3. Secretary: The Company Secretary shall act as Secretary to the Committee.
(Source : Audit Committee’s Charter & Secretarial Standards)
Quorum: The Quorum of Meetings of the Committee shall be a minimum of two independent members.
(Source : Audit Committee’s Charter & Secretarial Standards)

4. Agenda : The papers for the NRC Meeting shall be circulated to the members of the Committee by the Secretary at least 3 days in advance before the meeting.
(Source : Audit Committee’s Charter & Secretarial Standards)

5. Frequency: A Minimum of two Meetings of the Committee shall be held in every financial year. One meeting to note the Key Performance Indicators (KPIs) set for the Managing Directors / Executive Directors and Key Managerial Personnel ensure that they are in line with the goals of the company. Second meeting after the financial year to review the performance against the Key Performance Indicators.
Additional Meetings may be held as the Chairman of the Committee or the Board shall deem appropriate as and when a need arises. The Committee may take action in lieu of a Meeting by obtaining the consent of its Members by passing Resolutions through circulation.
(Source : Companies Act, 2013)

6. Minutes: Minutes of each Committee Meeting are to be prepared by the Company Secretary and sent to all the Committee Members for approval within 15 days of the completion of the meeting. The Minutes together with the corrections or suggestions, if any, from the members of the Committee shall be recorded, in any case, not later than 30 days from the date of the meeting. The Company Secretary shall maintain minutes of all Committee Meetings for permanent records. The Minutes of the Committee shall be signed by the Chairman at the next meeting of the Committee. The Minutes of every Committee Meeting shall be placed before the Board of Directors for them to note. (Source : Secretarial Standards)

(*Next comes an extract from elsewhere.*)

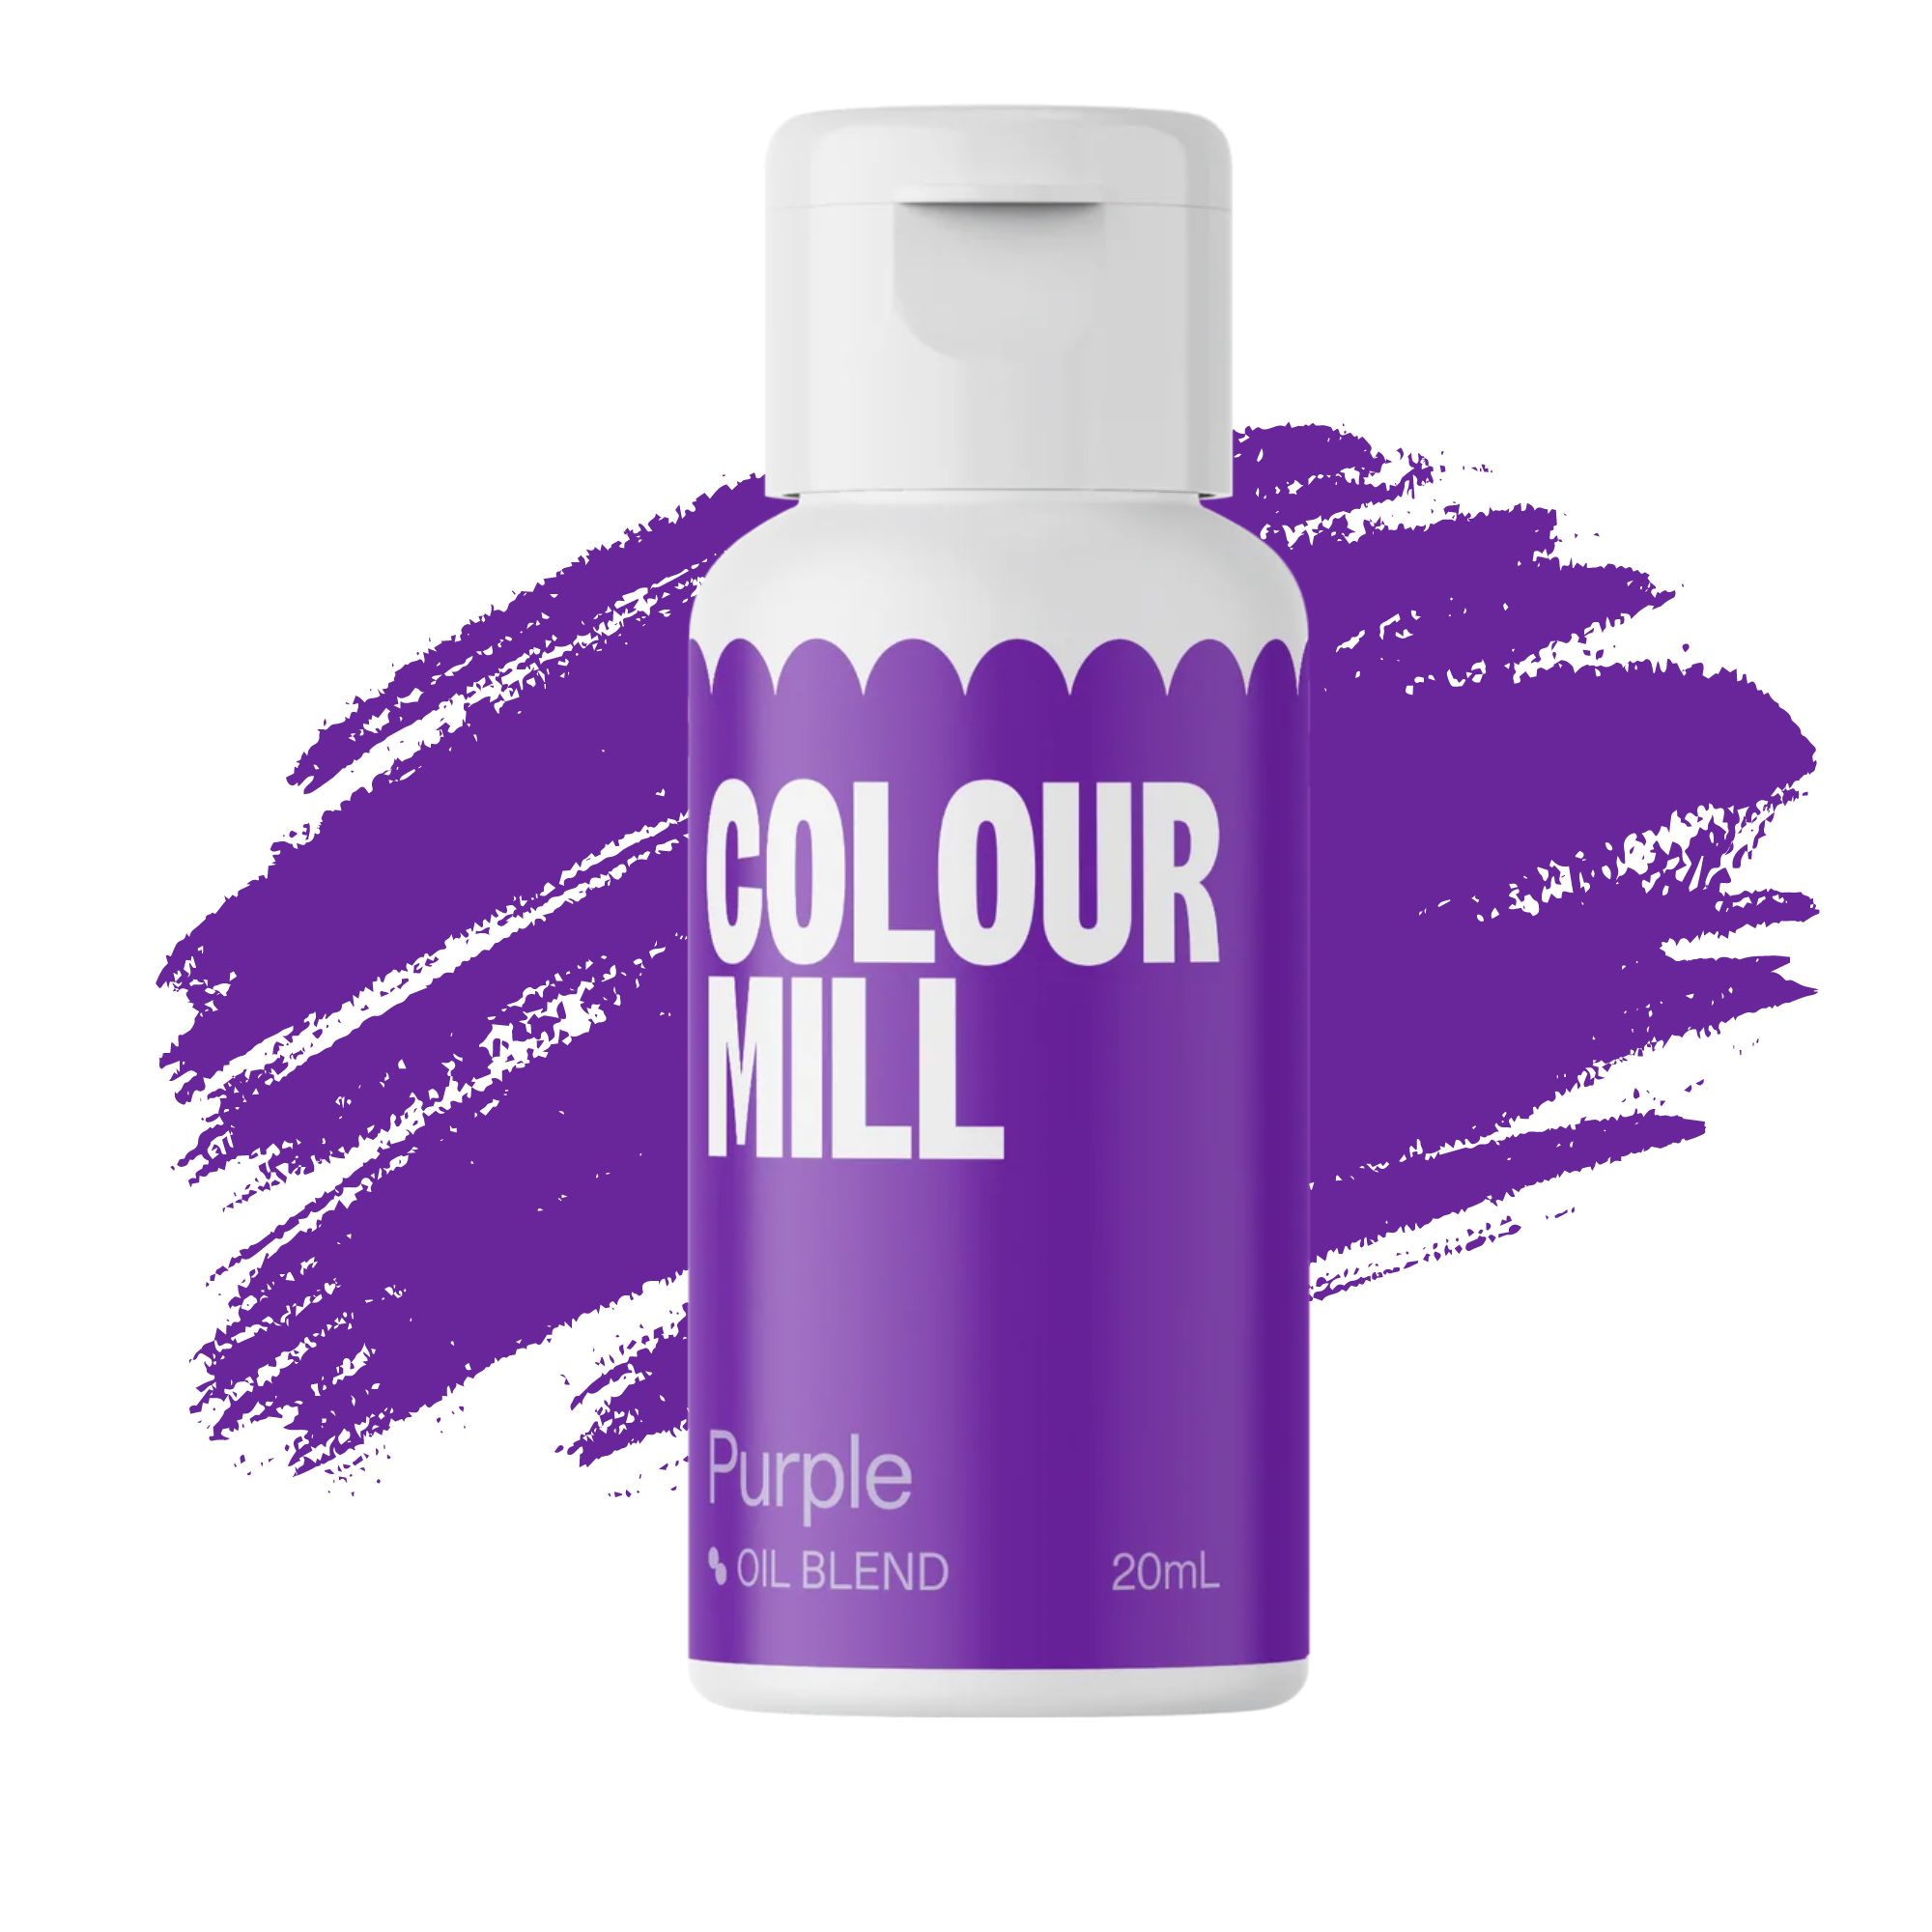 Colour Mill Purple Food Colouring, Oil Based Food Colouring

7. Invitees: The Chairman of the Committee may invite the Managing Director / Executive Director, or such other Executives as it may deem fit to discuss and consider the items on the agenda effectively.

 
DUTIES, RIGHTS AND RESPONSIBILITIES:
1. The Committee is authorised to review the following:
  • elements of the remuneration package i.e. salary, perquisites, retirement benefits, pension, separation compensation, and the structure of the remuneration package viz., the proportion of fixed and variable component, annual / mid-term increments, merit rewards, special payments, etc., of the Managing / Executive Director and that of the Key Managerial Personnel.
  • Changes to remuneration package, terms of appointment, notice period, severance fees, recruitment, retention and termination policies and procedures;
    (Source : Companies Act, 2013)
2. To recommend the shortlisted candidates who are qualified to become directors and who may be appointed in senior management and recommend to the Board their appointment and / or removal.
(Source : SEBI’s Clause 49 (IV) (B) (4))
3. The Committee shall review the succession plans, if any, for both executive and non-executive Directors.
4. The Committee is authorized to seek any information it requires about any employee and the management is directed to co-operate with any request made by the Committee.
5. The Committee may obtain outside legal or other independent professional advice with regard to issues pertaining to remuneration, incentives etc. Pertaining to industry practices as and when required.
6. The Chairman of the Committee could be present at the Annual General Meeting to answer shareholders’ queries.